The k first coefficients of the reconstructed polynomial f(x) represent the secrets.
2.4 A Brief Review of Mashhadi’s Scheme
One of the most recent multi-stage secret sharing (MSSS) schemes is presented in the paper [18]. It is referred to as Mashhadi’s scheme later in our paper. This is a multi-secret sharing approach in which a dealer uses Non-Homogeneous Linear Feedback Shift Registers (NHLFSR) to share multiple-secrets among a set of participants, in such a way that any qualified subset of them can recover the secrets stage-by-stage. The advantages of this scheme are: fewer public values, simple distribution, and various ways of reconstruction.

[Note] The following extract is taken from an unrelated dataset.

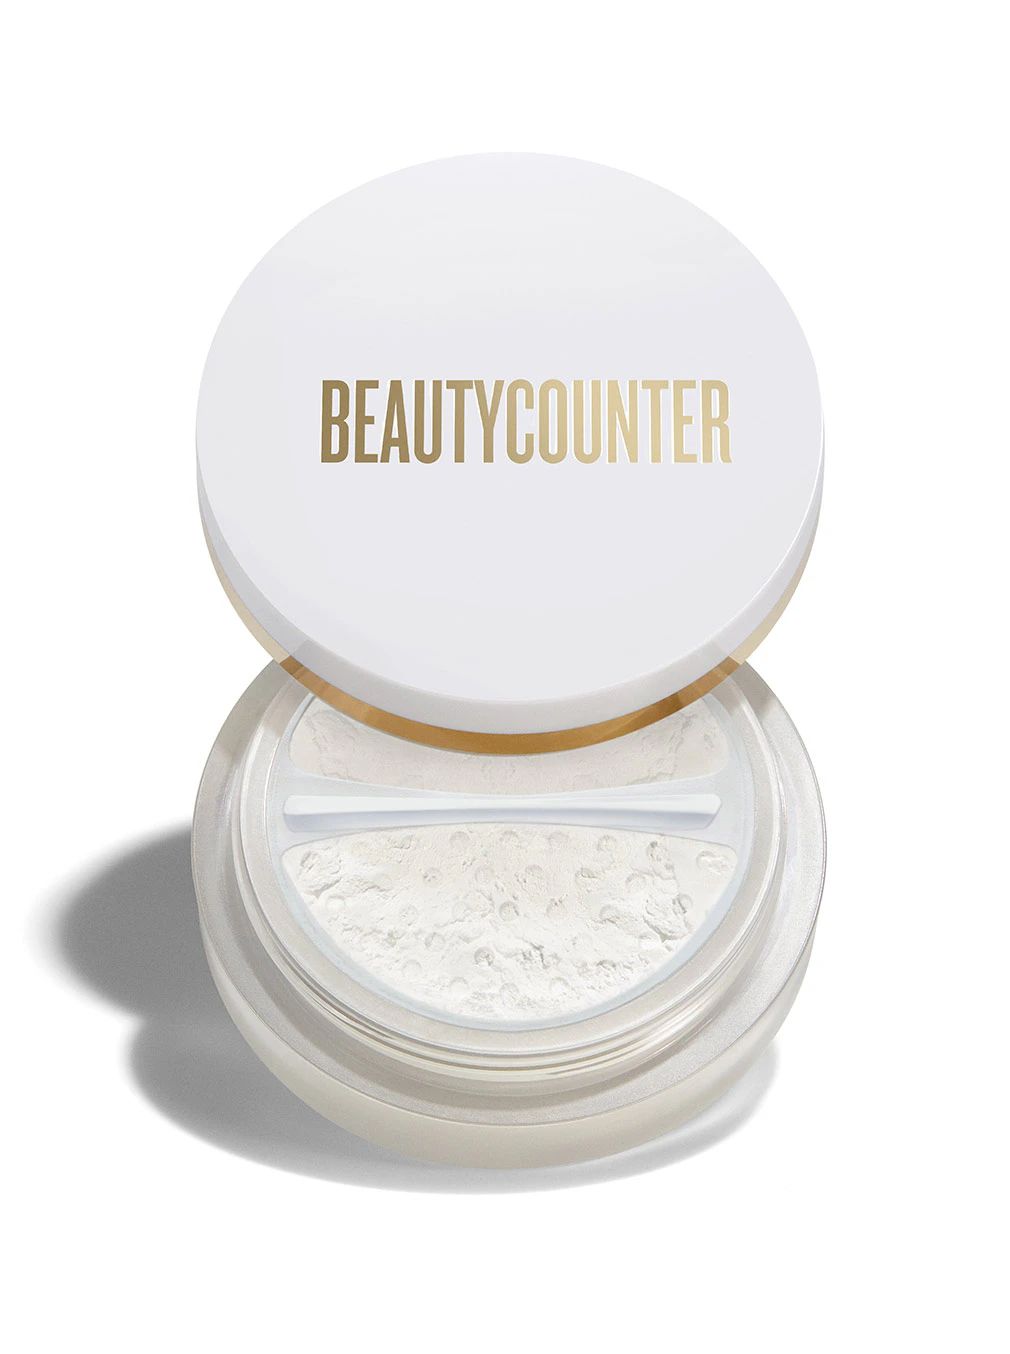 Mattifying Powder | Beautycounter.com

In Mashhadi’s scheme [18], secrets are recovered in a predetermined order and each secret has its own access structure. However, the paper considers threshold access structure for all secrets. It should be pointed out that the access structures are not completely arbitrary. They must \(\varGamma _i \subseteq \varGamma _{i+1}\), for \(i = 1, 2, \ldots , k-1\), and \(1 < t^1 \le t^2 \le t^k \le n\), where \(t^i\)’s are threshold values for secrets \(SC^1, SC^2, \dots , SC^k\), respectively.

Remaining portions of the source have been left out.